Although the models in this project have certain capabilities to integrate and generate multimodal understanding of images, they also have certain limitations, including but not limited to:
- The existence of hallucination problems, which may generate content that is inconsistent or irrelevant to the image, such as describing objects that do not exist in the picture.
- Insufficient pre-training, which may result in errors in understanding instructions and difficulties in effectively combining images to provide answers.

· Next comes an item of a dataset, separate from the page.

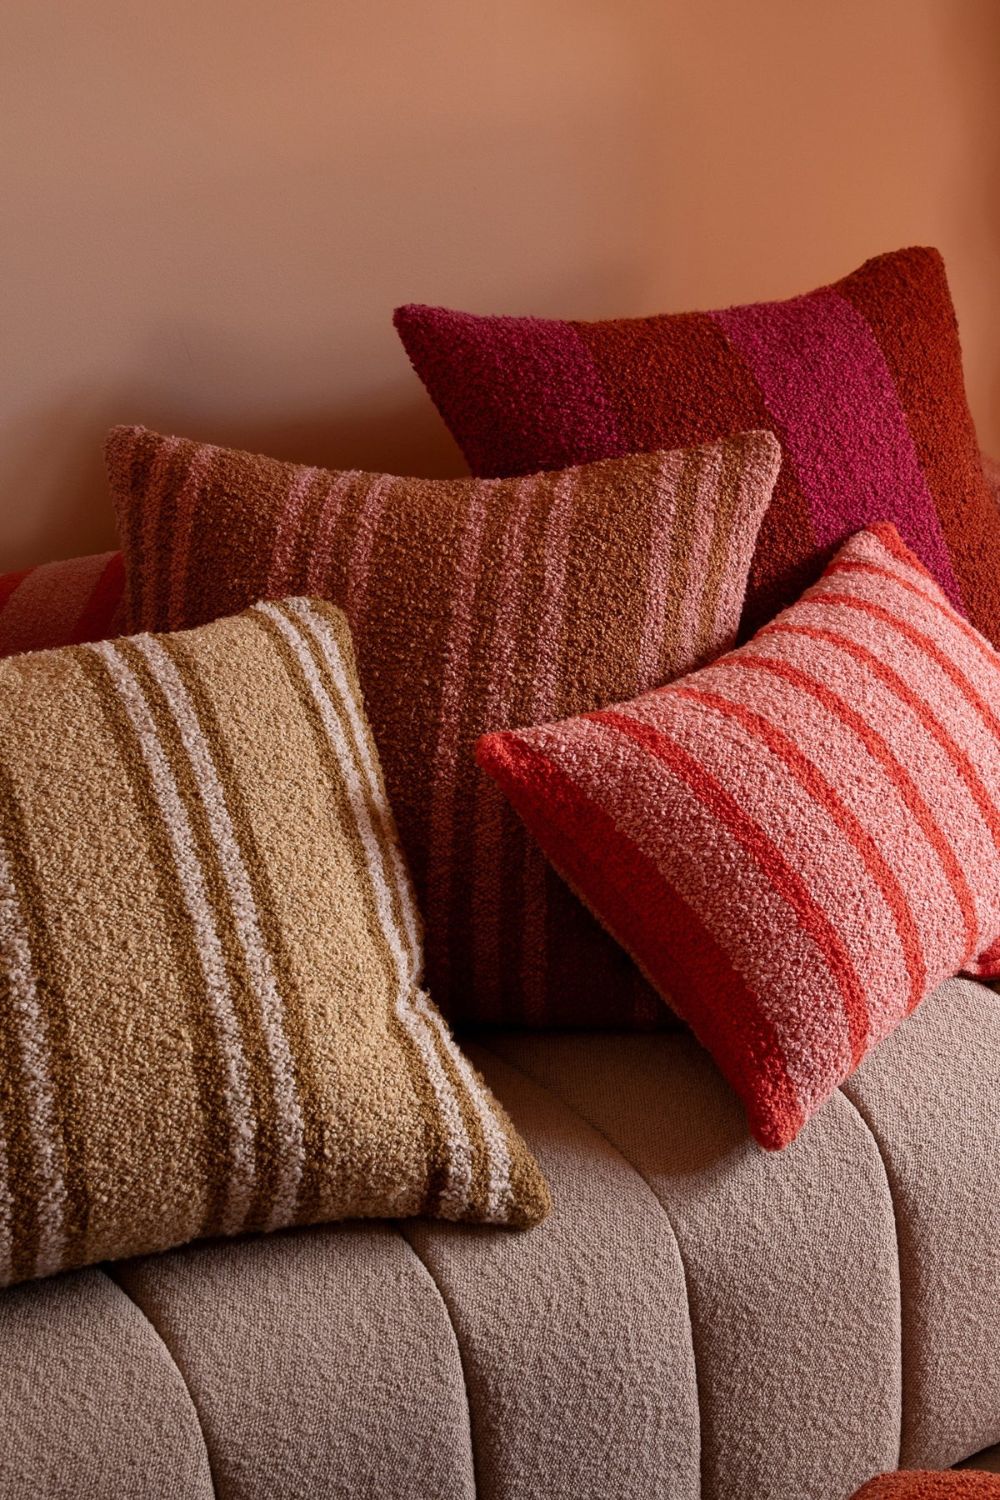 Boucle Thin Stripe Pink 60x40cm Cushion

- Lower accuracy in recognizing and understanding fine details in images, such as text, formulas, tables, etc.
- Decreased output quality of the model after multiple rounds of dialogue.

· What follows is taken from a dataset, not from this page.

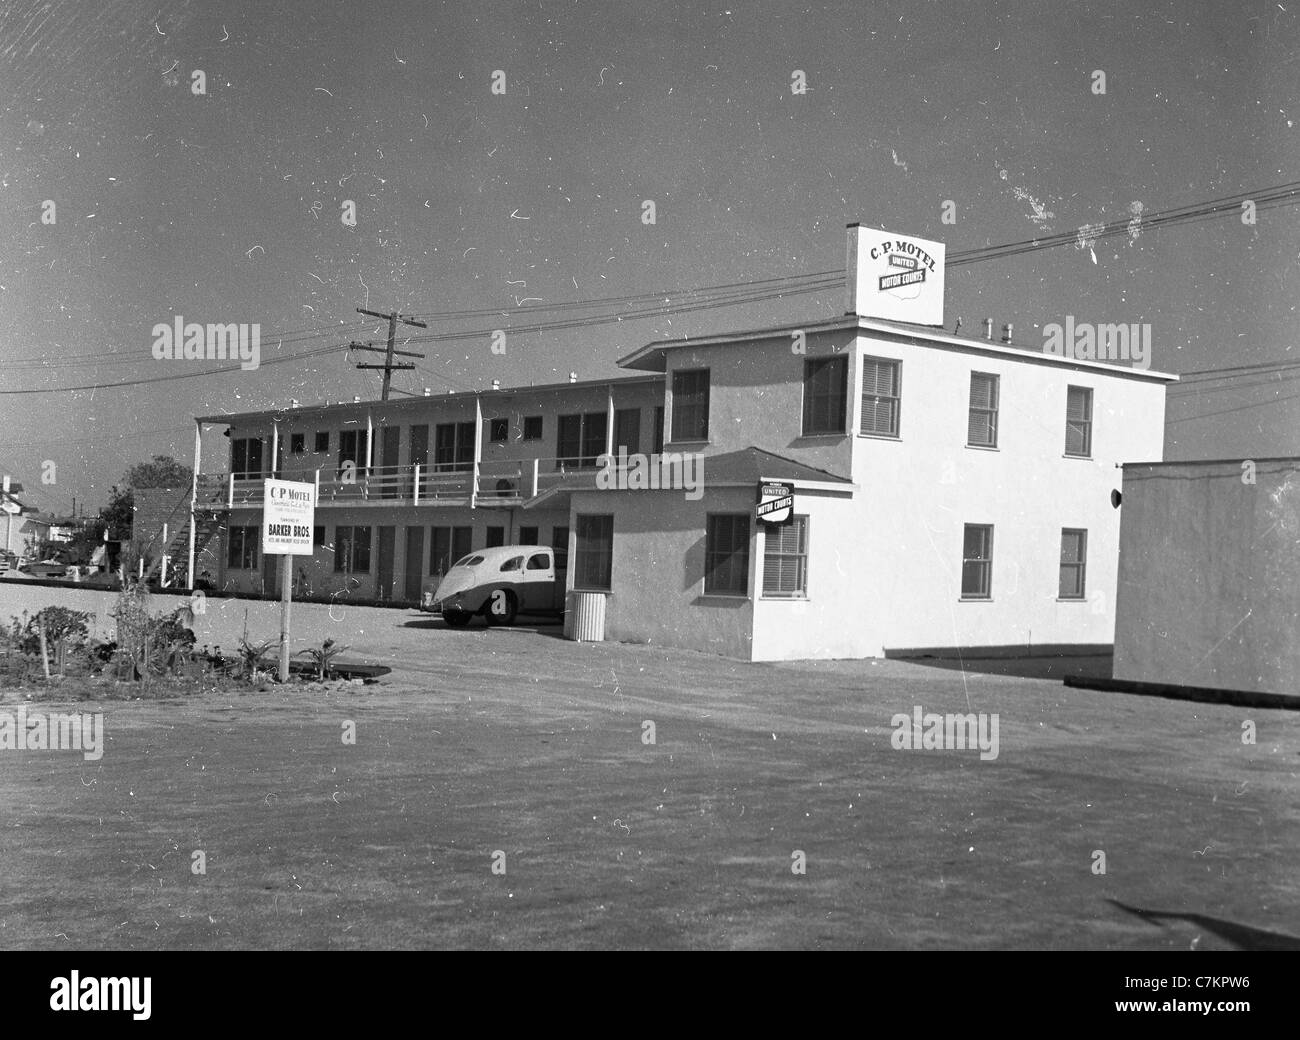 am Straßenrand Motel zweistöckigen 1930er Jahre südwestlichen Vereinigten Staaten Architektur Reisen Unterkunft Hotel C.P. Stockfoto

- There is no online interactive demo available (Note: Users can still deploy it locally on their own).*
If you find the model, data, code in our project useful, please consider citing our work
@article{chinese-llama-alpaca,
title={Efficient and Effective Text Encoding for Chinese LLaMA and Alpaca},
author={Cui, Yiming and Yang, Ziqing and Yao, Xin},
journal={arXiv preprint arXiv:2304.08177},
url={https://arxiv.org/abs/2304.08177},
year={2023}
}
@misc{visualcla,
author = {Yang, Ziqing and Pan, Yuchen and Cui, Yiming},
title = {Visual-Chinese-LLaMA-Alpaca},
year = {2023},
publisher = {GitHub},
journal = {GitHub repository},
howpublished = {\url{https://github.com/airaria/Visual-Chinese-LLaMA-Alpaca/}},
}
This project is based on the following open-source projects for secondary development, and we would like to express our gratitude to the related projects and research and development personnel.
- Base Model
- Inference and deployment
- Multimodal datasets
The resources related to this project are for academic research purposes only and are strictly prohibited for commercial use. When using parts involving third-party code, please strictly follow the corresponding open-source agreements. The content generated by the model is affected by factors such as model calculation, randomness, and quantization accuracy loss. This project cannot guarantee its accuracy. For any content output by the model, this project does not assume any legal responsibility and does not assume responsibility for any losses that may result from the use of related resources and output results.
This project is initiated and maintained by individuals and collaborators in their spare time, so we cannot guarantee a timely response to resolving relevant issues.